Your puppies haven't lost their mind, they are just juveniles and showing the typical puppy behavior.
That's why if you don't want them to go to the next step and actually kill chicken, you need to make sure they are never unsupervised with your animals until they are at least 18 months.
In the mean time, keep observing them and correct them every time they start playing with the chicken and/or chasing them.

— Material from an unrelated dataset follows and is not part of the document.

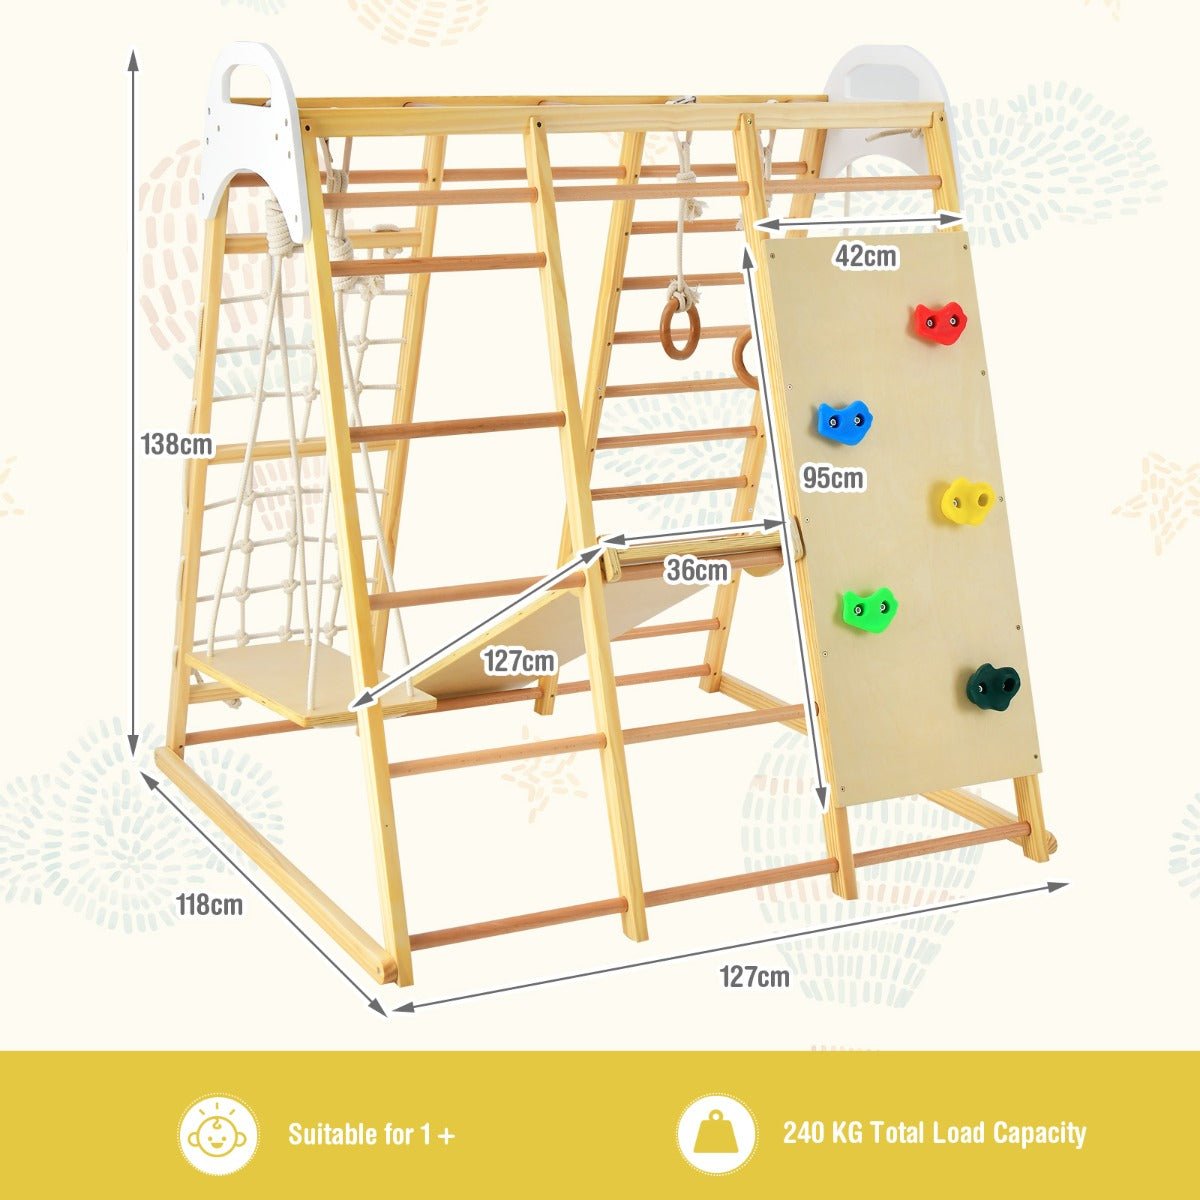 Multi-Activity Children's Playset - Swing, Slide & Climbing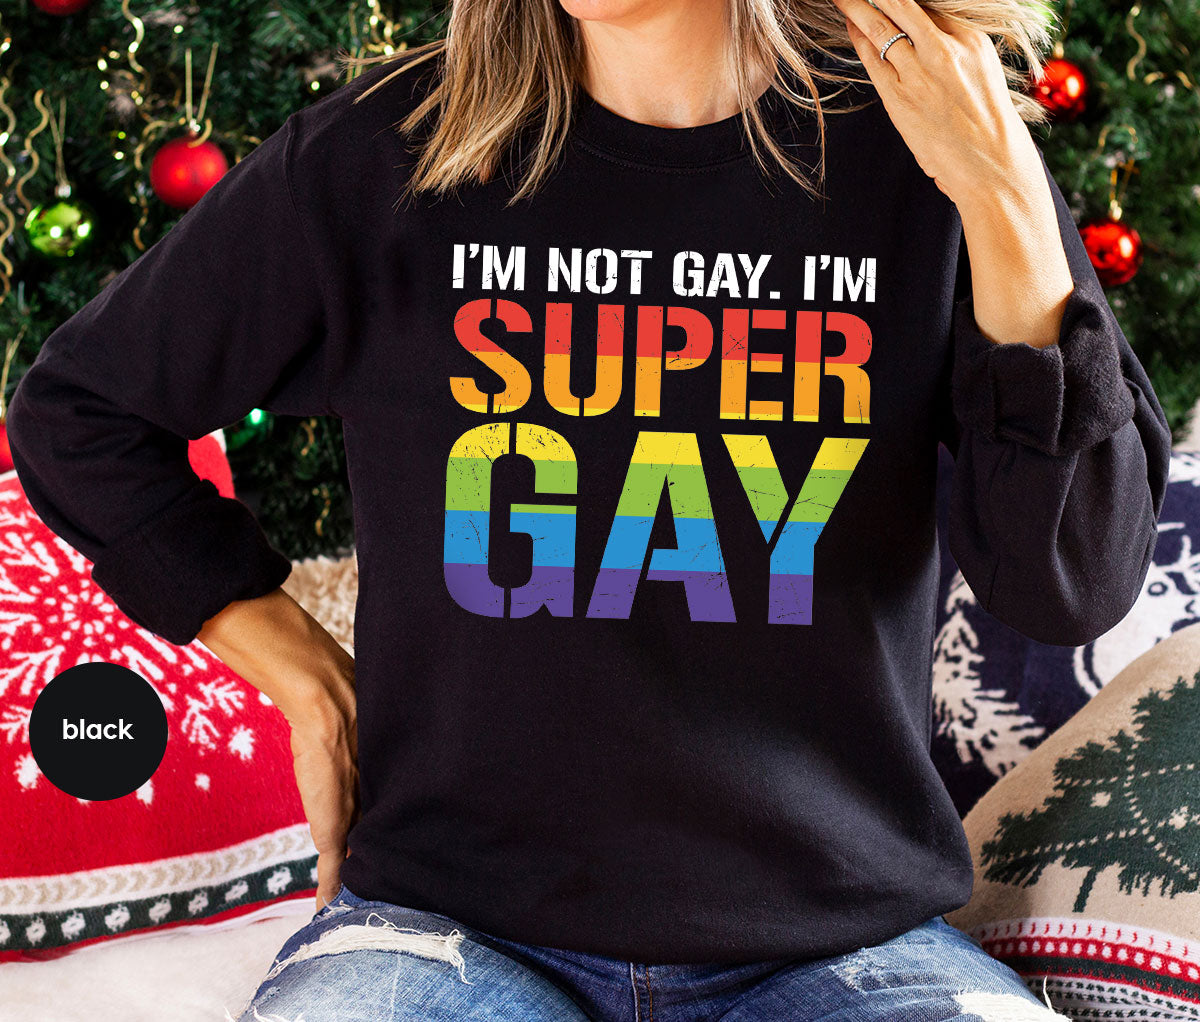 Super Gay Shirt, LGBT Power T-Shirt, Super Gay LGBT Tee

I believe I've read that your puppies are a Great Pyrenees, Labrador and Siberian Husky mix? Just keep in mind that the later two breeds have a high prey drive and because of that it might be more challenging to get them not to chase smaller animals. 
A little off topic perhaps, but me personally I would never get a non LGD breed (or an LGD mixed with non LGD breeds) to guard any kind of livestock.


----------



## CrazyCatNChickenLady (Aug 18, 2012)

Grazer said:
			
		

> I don't want to sound rude, but there are so many threads on this forum about this very subject.
> And apparently it just doesn't matter how often the experienced LGD owners keep repeating one can't leave puppies unsupervised with any type of livestock (especially poultry) or expect them to guard actively.
> 
> Your puppies haven't lost their mind, they are just juveniles and showing the typical puppy behavior.
> ...


I couldn't agree with this more. Its puppy nature to chase things and try and catch things that run. They dont know their role on the farm yet, nor will they for a while. They shouldn't be left alone with your other animals no matter what. If your not there to correct the behavior they're just going to think its a fun new game. They dont yet have the bond they need to be protectors to their flock and right now they see them as toys.


----------



## Queen Mum (Aug 18, 2012)

Grazer said:
			
		

> I believe I've read that your puppies are a Great Pyrenees, Labrador and Siberian Husky mix? Just keep in mind that the later two breeds have a high prey drive and because of that it might be more challenging to get them not to chase smaller animals.
> A little off topic perhaps, but me personally I would never get a non LGD breed (or an LGD mixed with non LGD breeds) to guard any kind of livestock.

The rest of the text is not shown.